Onyeka explores the changing meanings of words for Africans in Tudor England.
In her 1995 book Things of Darkness the historian Kim Hall says the African in Early Modern England is ‘too accidental and solitary to be given a historical statistic’. But in Tudor England Africans are described in parish records. For example, the burial of ‘Christopher Cappervert a blackemoore’ at St Botolph without Aldgate in London is listed on October 22nd, 1586; while ‘Mary Fillis, a black more, being about xx years old and dwelling with Millicent Porter, a seamester’ was baptised on June 3rd, 1597. In Plymouth, ‘Bastien, a Blackmoore of Mr Willm Hawkins’ was buried on December 10th, 1583 and ‘Anthony, John, a Neyger’ was buried on March 18th, 1587. In the same parish there are baptism records on May 2nd, 1593 for ‘Helene, daughter of Cristian the negro svant to Richard Sheere, the supposed father binge Cuthbert Holman, illeg.’
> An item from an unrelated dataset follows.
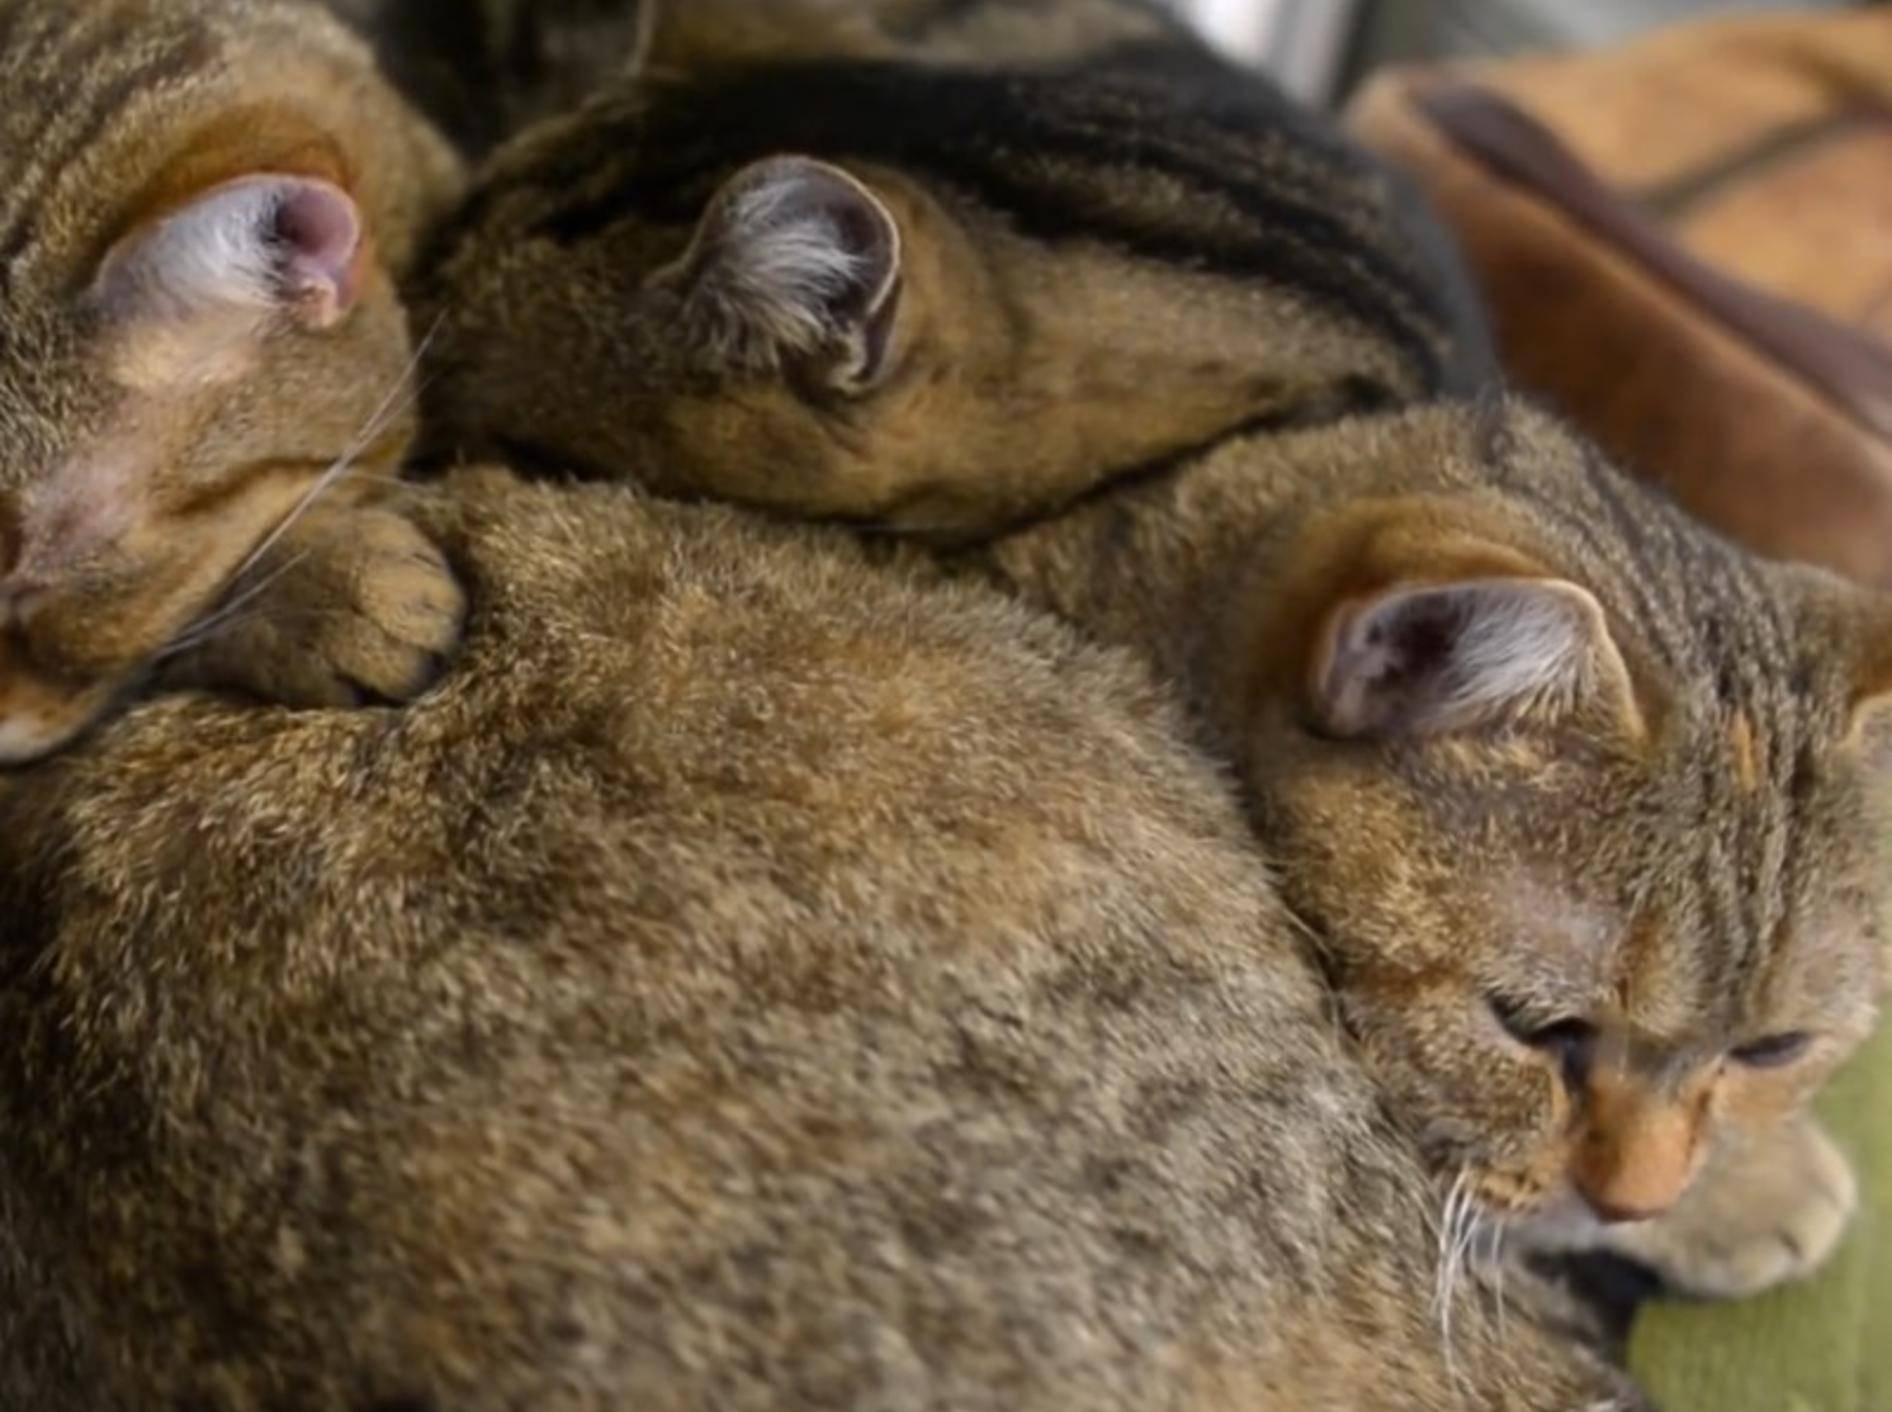 Kuschlige Dreisamkeit: Musahshi, Michelle und May lassen es sich gut gehen – YouTube/10 Cats.+

As these examples show, Africans are referred to by a variety of words such as Blacks, Moors, Blackamoores, Negroes (Negars, Negras, Negyers, ‘Neygers, Nigers, Nigros) and Ethiopians (Aethiopians). Why was such a range of words used and what were their different meanings? William Shakespeare offers a pointer in Juliet’s famous lines ‘What’s in a name? That which we call a rose/ By any other name would smell as sweet’ (Romeo and Juliet Act II, Scene II). This speech written in the 1590s reflects an idea rooted in the Classical ‘laws of identity’ espoused by Aristotle and Thomas Aquinas, who believed that all living things had their own intrinsic identity, no matter what they were called. Humanist scholars of the 16th century, such as John Colet, William Grocyn and Thomas More, had a similar idea which they called ‘substantiality’.